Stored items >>
▼▼▼

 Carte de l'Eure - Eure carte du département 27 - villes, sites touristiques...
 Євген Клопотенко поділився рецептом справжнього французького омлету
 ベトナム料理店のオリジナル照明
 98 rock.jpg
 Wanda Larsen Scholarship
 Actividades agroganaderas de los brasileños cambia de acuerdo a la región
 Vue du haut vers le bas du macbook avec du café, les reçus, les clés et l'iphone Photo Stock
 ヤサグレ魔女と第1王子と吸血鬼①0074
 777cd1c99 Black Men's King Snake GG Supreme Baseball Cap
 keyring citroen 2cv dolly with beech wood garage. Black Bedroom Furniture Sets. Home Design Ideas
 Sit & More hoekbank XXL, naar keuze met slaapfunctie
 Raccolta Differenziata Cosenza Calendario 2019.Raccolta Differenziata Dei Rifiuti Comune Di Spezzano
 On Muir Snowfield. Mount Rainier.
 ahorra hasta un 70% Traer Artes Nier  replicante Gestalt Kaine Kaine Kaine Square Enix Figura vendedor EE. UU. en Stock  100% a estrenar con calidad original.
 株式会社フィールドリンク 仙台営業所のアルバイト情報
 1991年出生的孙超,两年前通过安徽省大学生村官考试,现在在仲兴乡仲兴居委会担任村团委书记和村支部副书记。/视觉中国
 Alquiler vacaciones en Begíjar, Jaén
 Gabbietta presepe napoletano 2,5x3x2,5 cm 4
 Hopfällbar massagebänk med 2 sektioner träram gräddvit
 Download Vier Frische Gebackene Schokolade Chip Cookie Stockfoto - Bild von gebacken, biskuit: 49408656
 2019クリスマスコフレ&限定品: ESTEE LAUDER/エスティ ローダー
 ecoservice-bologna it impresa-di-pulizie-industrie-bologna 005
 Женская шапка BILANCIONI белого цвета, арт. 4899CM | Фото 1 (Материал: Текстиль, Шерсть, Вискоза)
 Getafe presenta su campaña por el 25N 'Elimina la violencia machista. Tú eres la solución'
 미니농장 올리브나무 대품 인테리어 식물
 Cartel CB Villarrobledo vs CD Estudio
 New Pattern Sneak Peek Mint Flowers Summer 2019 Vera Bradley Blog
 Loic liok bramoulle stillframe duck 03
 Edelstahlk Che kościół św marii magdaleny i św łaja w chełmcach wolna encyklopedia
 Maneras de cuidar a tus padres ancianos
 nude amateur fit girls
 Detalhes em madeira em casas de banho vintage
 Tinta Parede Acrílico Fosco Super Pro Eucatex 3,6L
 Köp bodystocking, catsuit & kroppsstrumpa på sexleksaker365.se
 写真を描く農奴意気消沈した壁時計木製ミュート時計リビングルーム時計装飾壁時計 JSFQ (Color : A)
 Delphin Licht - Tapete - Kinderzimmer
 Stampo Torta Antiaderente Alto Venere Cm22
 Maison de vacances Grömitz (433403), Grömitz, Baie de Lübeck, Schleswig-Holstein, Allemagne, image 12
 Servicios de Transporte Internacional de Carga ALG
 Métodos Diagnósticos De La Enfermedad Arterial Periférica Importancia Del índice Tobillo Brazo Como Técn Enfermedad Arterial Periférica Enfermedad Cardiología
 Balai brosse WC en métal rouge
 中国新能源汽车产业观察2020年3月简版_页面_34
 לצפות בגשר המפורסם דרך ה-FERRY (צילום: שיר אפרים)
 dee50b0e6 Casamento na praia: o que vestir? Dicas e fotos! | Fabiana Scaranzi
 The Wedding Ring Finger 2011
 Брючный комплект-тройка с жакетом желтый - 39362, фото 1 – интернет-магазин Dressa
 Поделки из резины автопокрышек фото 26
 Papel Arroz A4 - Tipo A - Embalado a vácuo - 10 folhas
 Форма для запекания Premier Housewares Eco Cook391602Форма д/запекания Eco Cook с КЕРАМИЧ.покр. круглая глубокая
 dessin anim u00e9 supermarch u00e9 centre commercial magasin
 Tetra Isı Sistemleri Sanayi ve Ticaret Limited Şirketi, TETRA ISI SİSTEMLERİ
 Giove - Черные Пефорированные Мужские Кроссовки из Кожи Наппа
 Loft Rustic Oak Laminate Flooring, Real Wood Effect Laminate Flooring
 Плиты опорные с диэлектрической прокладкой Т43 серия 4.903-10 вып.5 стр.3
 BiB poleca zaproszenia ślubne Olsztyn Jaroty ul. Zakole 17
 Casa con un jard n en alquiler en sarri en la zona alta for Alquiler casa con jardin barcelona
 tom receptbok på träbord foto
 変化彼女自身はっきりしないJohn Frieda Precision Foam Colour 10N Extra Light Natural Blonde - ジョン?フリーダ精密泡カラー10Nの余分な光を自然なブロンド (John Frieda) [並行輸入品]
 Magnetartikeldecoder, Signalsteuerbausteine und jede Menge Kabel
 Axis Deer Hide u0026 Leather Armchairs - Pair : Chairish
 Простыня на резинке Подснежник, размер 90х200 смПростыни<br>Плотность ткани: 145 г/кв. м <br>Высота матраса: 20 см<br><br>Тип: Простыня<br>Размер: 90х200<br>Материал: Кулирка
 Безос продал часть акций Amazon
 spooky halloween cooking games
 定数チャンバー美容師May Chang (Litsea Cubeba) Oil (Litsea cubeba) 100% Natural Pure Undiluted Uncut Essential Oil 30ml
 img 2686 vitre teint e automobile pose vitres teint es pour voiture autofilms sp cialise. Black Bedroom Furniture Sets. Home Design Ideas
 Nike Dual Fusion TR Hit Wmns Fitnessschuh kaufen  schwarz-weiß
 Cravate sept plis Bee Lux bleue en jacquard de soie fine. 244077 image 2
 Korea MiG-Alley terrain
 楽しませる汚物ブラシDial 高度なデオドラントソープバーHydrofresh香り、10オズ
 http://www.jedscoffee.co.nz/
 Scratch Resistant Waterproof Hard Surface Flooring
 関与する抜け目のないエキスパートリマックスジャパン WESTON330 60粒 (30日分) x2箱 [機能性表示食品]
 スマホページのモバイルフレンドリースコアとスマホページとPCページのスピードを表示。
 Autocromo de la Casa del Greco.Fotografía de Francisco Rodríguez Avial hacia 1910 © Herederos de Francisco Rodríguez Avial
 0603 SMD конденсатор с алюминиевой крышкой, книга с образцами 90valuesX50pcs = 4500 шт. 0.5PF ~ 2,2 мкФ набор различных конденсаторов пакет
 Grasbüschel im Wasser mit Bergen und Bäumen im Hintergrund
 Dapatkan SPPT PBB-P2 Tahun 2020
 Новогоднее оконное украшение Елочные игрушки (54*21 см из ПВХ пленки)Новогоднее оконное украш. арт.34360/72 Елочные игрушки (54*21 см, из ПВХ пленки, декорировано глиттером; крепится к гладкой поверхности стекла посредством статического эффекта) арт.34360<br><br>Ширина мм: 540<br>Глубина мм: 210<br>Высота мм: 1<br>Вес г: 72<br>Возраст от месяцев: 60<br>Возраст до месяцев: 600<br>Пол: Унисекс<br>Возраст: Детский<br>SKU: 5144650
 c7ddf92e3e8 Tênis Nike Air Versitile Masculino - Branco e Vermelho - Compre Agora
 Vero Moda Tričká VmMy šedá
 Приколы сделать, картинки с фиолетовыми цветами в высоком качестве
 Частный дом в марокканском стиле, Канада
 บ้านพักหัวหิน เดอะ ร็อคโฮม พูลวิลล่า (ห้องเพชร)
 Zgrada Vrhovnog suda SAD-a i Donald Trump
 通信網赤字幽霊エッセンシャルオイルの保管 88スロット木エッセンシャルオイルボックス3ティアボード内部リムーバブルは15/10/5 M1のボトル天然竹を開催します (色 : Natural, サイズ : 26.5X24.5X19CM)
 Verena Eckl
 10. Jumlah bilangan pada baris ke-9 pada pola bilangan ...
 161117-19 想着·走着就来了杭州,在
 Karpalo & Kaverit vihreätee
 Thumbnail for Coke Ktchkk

▲▲▲

What the exercise asks >>
Reproduce every line in the data that has the word "Bedroom" in it.

Your response >>
 keyring citroen 2cv dolly with beech wood garage. Black Bedroom Furniture Sets. Home Design Ideas
 img 2686 vitre teint e automobile pose vitres teint es pour voiture autofilms sp cialise. Black Bedroom Furniture Sets. Home Design Ideas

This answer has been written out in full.